Cloudflare's approach: push computation as close to the user as possible (edge), eliminate unnecessary work at every layer (kernel bypass), use memory-safe systems languages (Rust), and measure everything in production with real user data.

Key Visionaries

John Graham-Cumming (Former CTO)

  • Emphasis on security and performance as complementary, not competing
  • "Help build a better Internet" mission driving architectural decisions
  • Deep technical roots in formal methods and computer security

Marek Majkowski

  • Pioneer of XDP/eBPF adoption at scale for packet processing
  • Author of foundational posts: "How to drop 10 million packets per second"
  • Kernel bypass expertise, pushing Linux networking to its limits

The Pingora Team

  • Replaced NGINX with custom Rust proxy handling 35M+ req/sec
  • 70% less CPU, 67% less memory vs. previous Lua/NGINX stack
  • Demonstrates commitment to owning the entire stack

Design Principles

  1. Edge-First Architecture: Compute at the network edge, not in centralized data centers.

  2. Kernel Bypass When It Matters: Use XDP/eBPF to process packets before they hit the kernel stack.

  3. Memory Safety at Scale: Rust for new systems code—eliminate entire classes of vulnerabilities.

  4. Measure with Real Users: RUM (Real User Measurement) over synthetic benchmarks.

  5. Smart Routing Over Dumb Pipes: Use network intelligence to route around problems.

  6. Isolate, Don't Containerize: V8 isolates for sub-millisecond cold starts.
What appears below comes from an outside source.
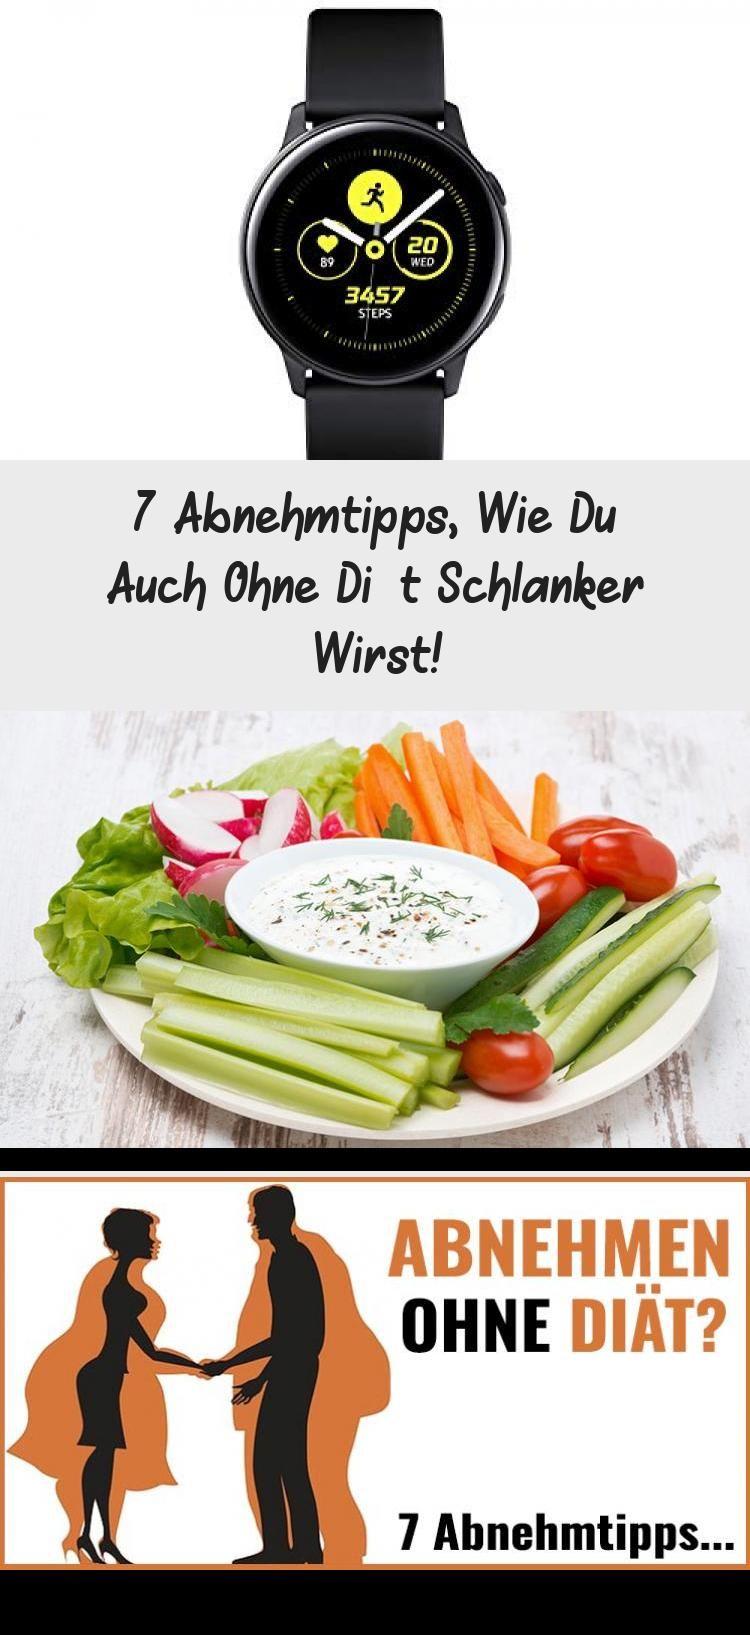 #Abnehmen ohne #Diät ist möglich! Mit KLICK AUF DAS BILD, verrate ich Dir meine 7 besten #Abnehmtipp...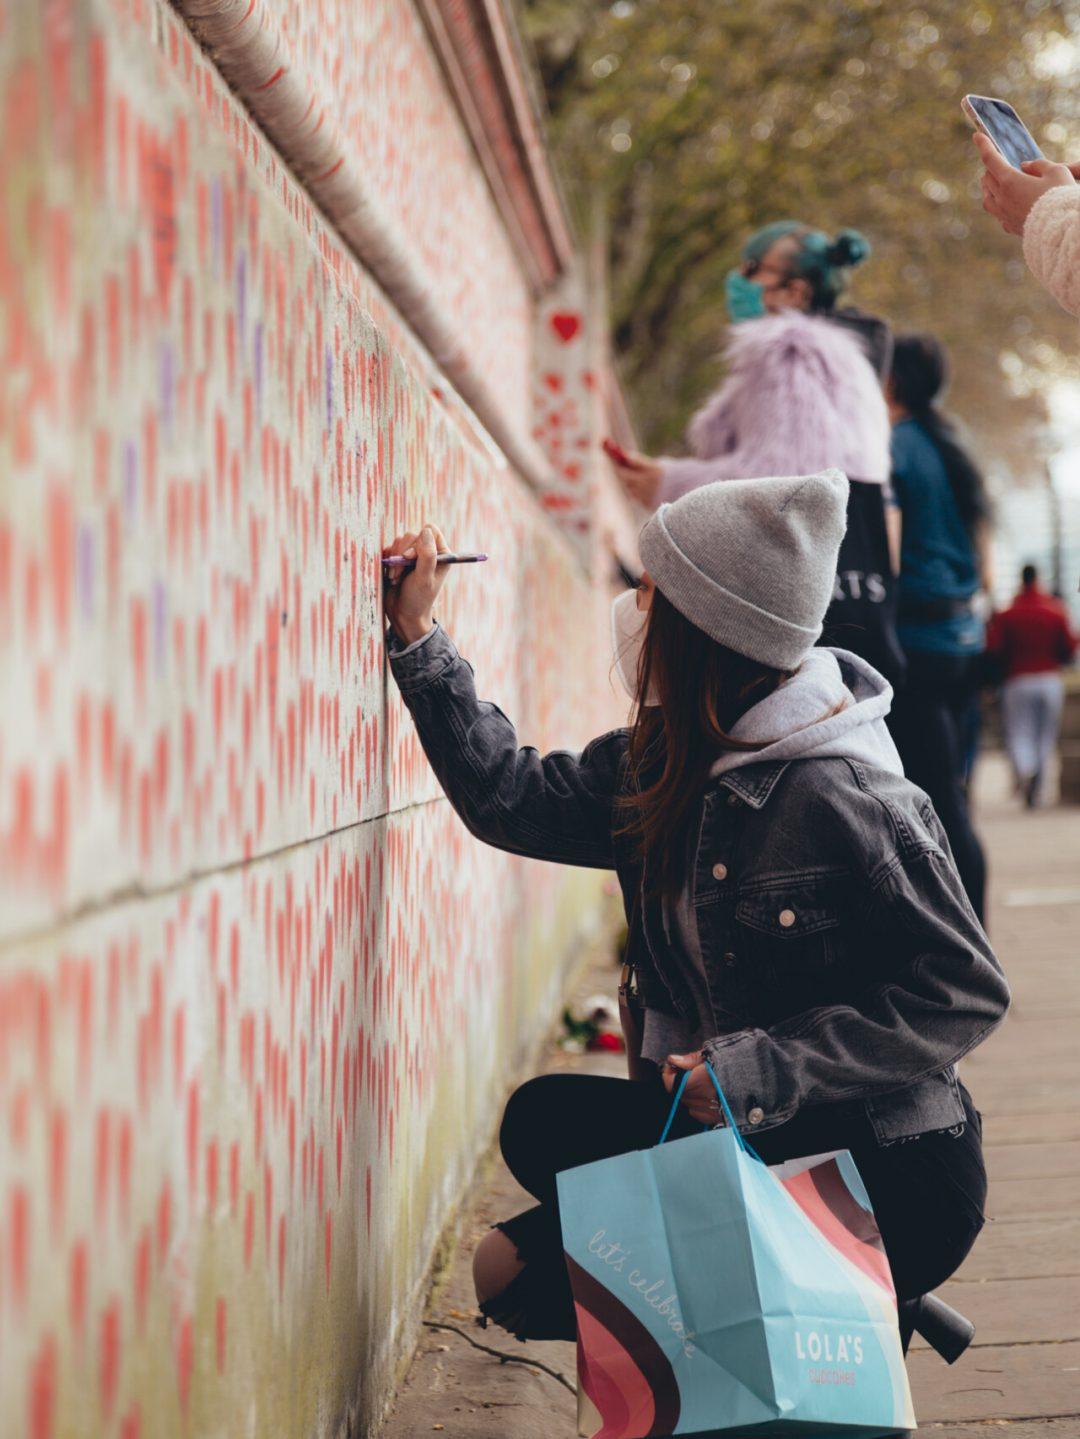 150mila cuori rossi: nel centro di Londra il murale per le vittime del Covid

Performance Numbers to Know

text
Cloudflare Network Scale:
──────────────────────────────────────────────────────────
Network locations                            330+ cities
Peak requests per second                     35,000,000+
Percentage of Internet traffic               ~20%
Average distance to any Internet user        <50ms

Packet Processing (XDP/eBPF):
──────────────────────────────────────────────────────────
iptables DROP                                ~2M pps/core
XDP DROP (kernel)                            ~10M pps/core
XDP DROP (native driver)                     ~26M pps/core
L4Drop (Cloudflare XDP)                      ~10M pps/core (with complex rules)

Workers (V8 Isolates):
──────────────────────────────────────────────────────────
Cold start time                              <1ms (vs 100ms+ containers)
Isolate memory overhead                      ~2MB (vs 35MB+ containers)
Time to global deployment                    <30 seconds

Pingora (Rust Proxy):
──────────────────────────────────────────────────────────
CPU reduction vs NGINX                       70%
Memory reduction vs NGINX                    67%
Connection reuse improvement                 Significant (multi-threaded)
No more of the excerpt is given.